It omits many bases that the Department of Defense wants to conceal or play down, notably those in Iraq, Afghanistan and Israel. For example, just one of the many unlisted bases in Iraq, Ballad Air Base, houses 30,000 troops and 10,000 contractors, and extends across 16 square miles with an additional 12-square-mile “security perimeter.” One other subject that Lutz touches on in her introduction and that cries out for a book-length study is
the political machinations that every American embassy and military base on earth engages in to undermine and change local laws that stand in the way of U.S. military plans.

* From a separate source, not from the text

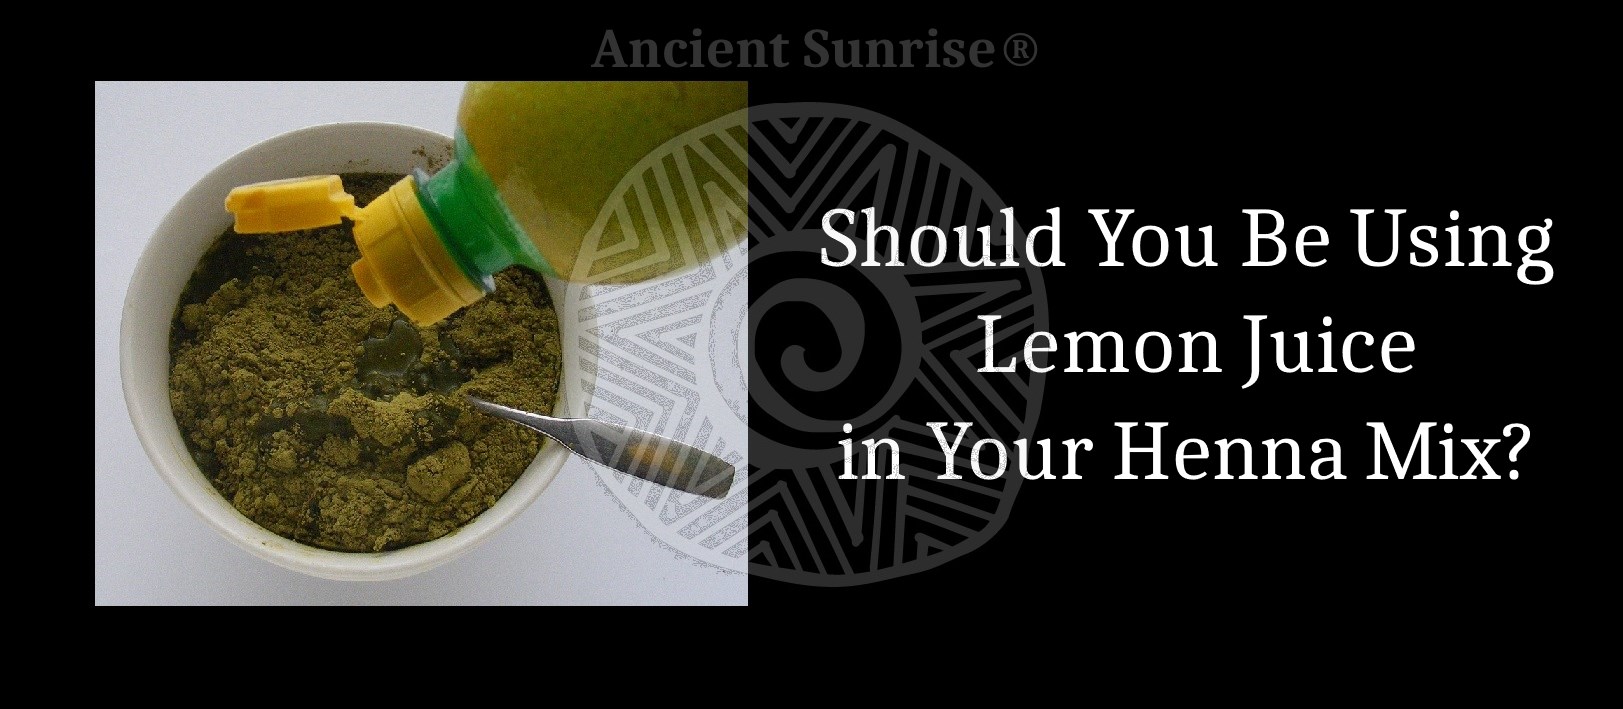 Should You Be Using Lemon Juice In Your Henna Mix?

For years the United States has interfered in the domestic affairs of nations to bring about “regime change,” rig elections, free American servicemen who have been charged with extremely serious felonies against local civilians, indoctrinate the local officer corps in American militarist values (as at the Western Hemisphere Institute for Security Cooperation at Fort Benning, Ga.), and preserve and protect the so-called Status of Forces Agreements that the United States imposes on all nations with U.S. bases.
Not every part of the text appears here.